Now two of those experts – Nissa Finney and Ludi Simpson from Manchester university – have written a book that comprehensively debunks the myths of segregation. It shows how they arise from misreading the figures and ignoring the real problems of racism and rising economic inequality (see below).

Unlike most books written by academics, Finney and Simpson’s work is written in non-technical prose and structured into short, punchy chapters that tackle each myth head on. It also includes a wealth of material on how to interpret statistics about race, ethnicity and immigration – and how these figures have been used and abused in the past.

“Our aim was to write something in plain English that would get through to a lot of readers,” Ludi told Socialist Worker. “We also wanted to get through to the politicians and journalists who deal with the issues that the book addresses.

“Although I’m now a professor at a university, I spent the majority of my working life at a local council as a statistician in Bradford, which is where I still live.”
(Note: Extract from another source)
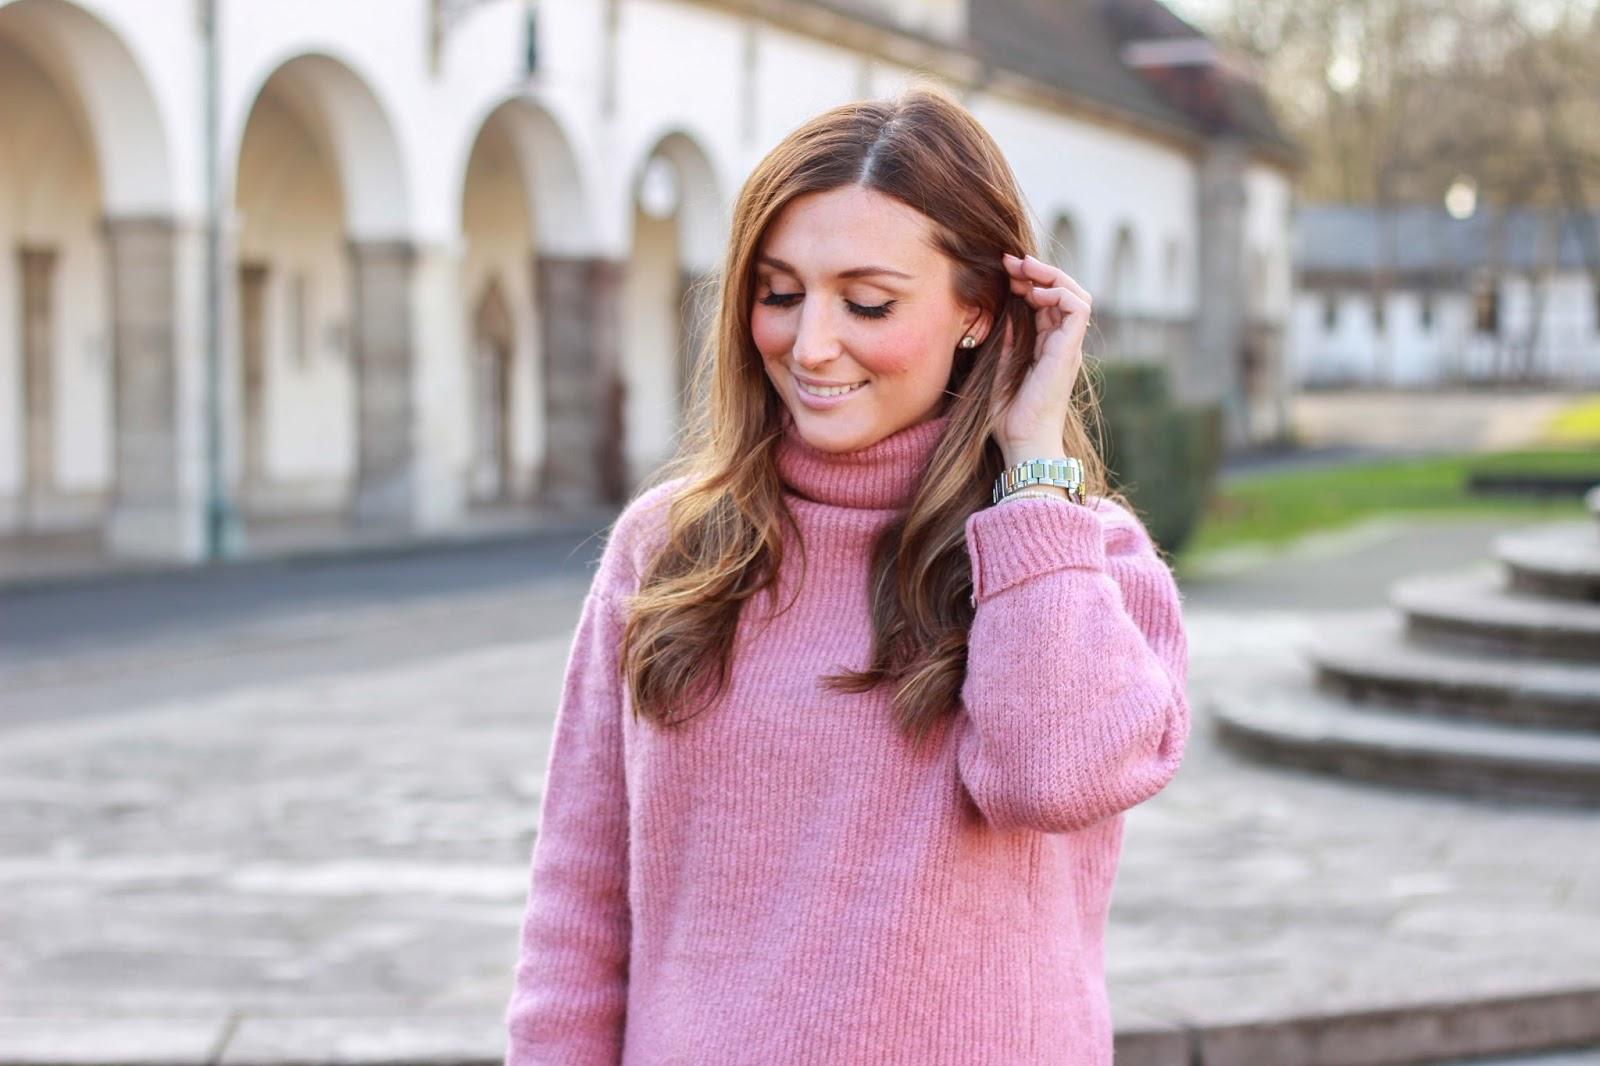 Fashionstylebyjohanna - German Fashionblogger - Outfitinspiration Modeblogger - Frankfurt Fashionblogger

Bradford was hit by riots in 2001 that were triggered by racist thugs from the British National Party. But government reports in the wake of the disturbances laid the blame on the city’s Asian communities.

“Within a week of the disturbances in Bradford a report was out saying that the city was in the ‘grip of fear’ and that the tensions were caused by ‘self-­segregation’. But I was living in the city and was very familiar with population trends there,” said Ludi.

“That sense of a city ‘gripped by fear’, of people not wanting to talk to each other or mix, just didn’t fit my understanding or experience.

“So since then I guess I’ve made it my business to find out why it’s so easy to misread Britain’s growing ethnic diversity and to try and explain what the arithmetic really shows.”


Ludi notes that all of this happened slightly before the September 11 attacks in New York and the subsequent rise in paranoia towards Muslims.

So while the “war on terror” has encouraged the political reaction against multiculturalism, the roots of that reaction predated all that.

“Government responses to the disturbances in northern Britain were already talking about ‘parallel lives’, ‘segregated communities’ and the need for ‘greater community cohesion’.

“That all fits a New Labour agenda of giving ‘responsibility’ to communities for their own future – which is also a way of saying if their areas don’t get better, it’s because they haven’t done the right thing.

“The 9/11 attacks added a whole new dimension to this – fear of Muslims, fear of terrorism. Of course, some of that latches onto real fears of real ­atrocities, but some of it is just pure racism.”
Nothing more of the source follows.